En préambule, La Pépinière tient à remercier Procom et son service de traduction via relais vidéo « Mymmx », sans qui cette interview n’aurait pas pu se dérouler.

La Pépinière (L. P.) : Bonjour Noha, merci de nous recevoir dans le cadre de ce beau projet autour du théâtre. Avant de parler du spectacle à proprement parler, pouvez-vous nous dire quelques mots sur l’association S5 ?

Noha El Sadawy (N. E. S.) : D’abord j’aimerais vous remercier d’avoir pris contact avec moi en vue de cet article. S5 est une association qui encourage l’accessibilité à la langue des signes. Elle se veut un pont entre sourds et entendants, en proposant notamment des activités pour les deux parties. Par exemple, nous organisons des cours de langue des signes pour que les personnes entendantes puissent communiquer avec les sourds. À la naissance de l’association, elle ne faisait que des vidéos d’information en langue des signes, afin de permettre aux personnes sourdes d’y avoir un accès. Depuis, en plus des cours de langue, nous organisons aussi des « cafés-signes », dans différents endroits, durant lesquels les sourds ont le rôle de serveurs, afin de créer des rencontres. Mais surtout, notre principal but est de promouvoir l’accès à la culture en langue des signes. Le monde culturel est souvent fermé pour les sourds, notre objectif est donc de l’ouvrir, afin que tout un chacun puisse y accéder de manière équitable, notamment dans les musées et les théâtres. Nous tâchons également de faciliter l’accès à certains domaines publics, comme la police ou les hôpitaux, en sensibilisant le personnel, par divers moyens, pour envisager un meilleur accueil et faciliter la communication entre sourds et entendants.

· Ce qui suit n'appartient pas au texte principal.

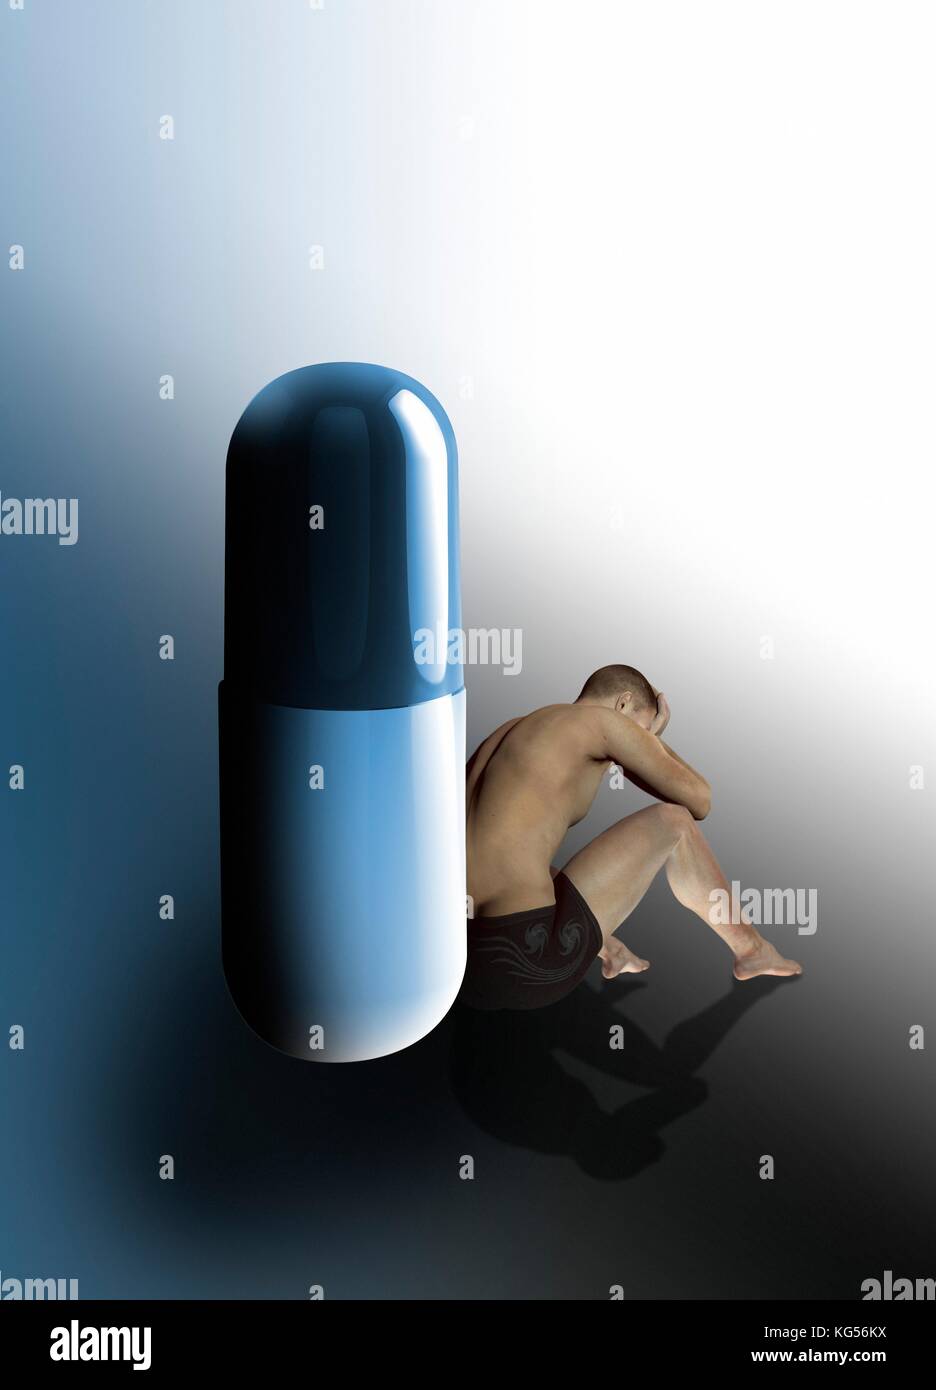 Persona appoggiata contro una pillola, illustrazione. Foto Stock

L. P. : La pièce que vous allez présenter samedi s’inscrit dans le cadre de la « Médiation culturelle S5 ». De quoi s’agit-il ?

E. S. : C’est un pôle de relais entre un public cible et un lieu. À chaque fois, je cherche à m’adapter au public concerné, qui peut être sourd ou entendant, afin de transmettre et de lui ouvrir le monde du théâtre. Je choisis d’abord la pièce et je vois ensuite comment l’adapter, quel sera le public visé… Par la suite, j’essaie de mélanger les publics, en leur proposant une réflexion pédagogique, pour que tous puissent être immergés dans la pièce. Par exemple, des sourds ne connaissent pas certains auteurs. Nous créons donc des vidéos explicatives et courtes afin de les faire découvrir ces auteurs et leurs œuvres, en nous adaptant aux besoins de chacun. À la fin du spectacle, nous proposons également un débat ou une rencontre entre des comédiens et le public. Cela permet un échange entre le public et les comédiens, afin de mieux comprendre un spectacle ou la culture de manière générale.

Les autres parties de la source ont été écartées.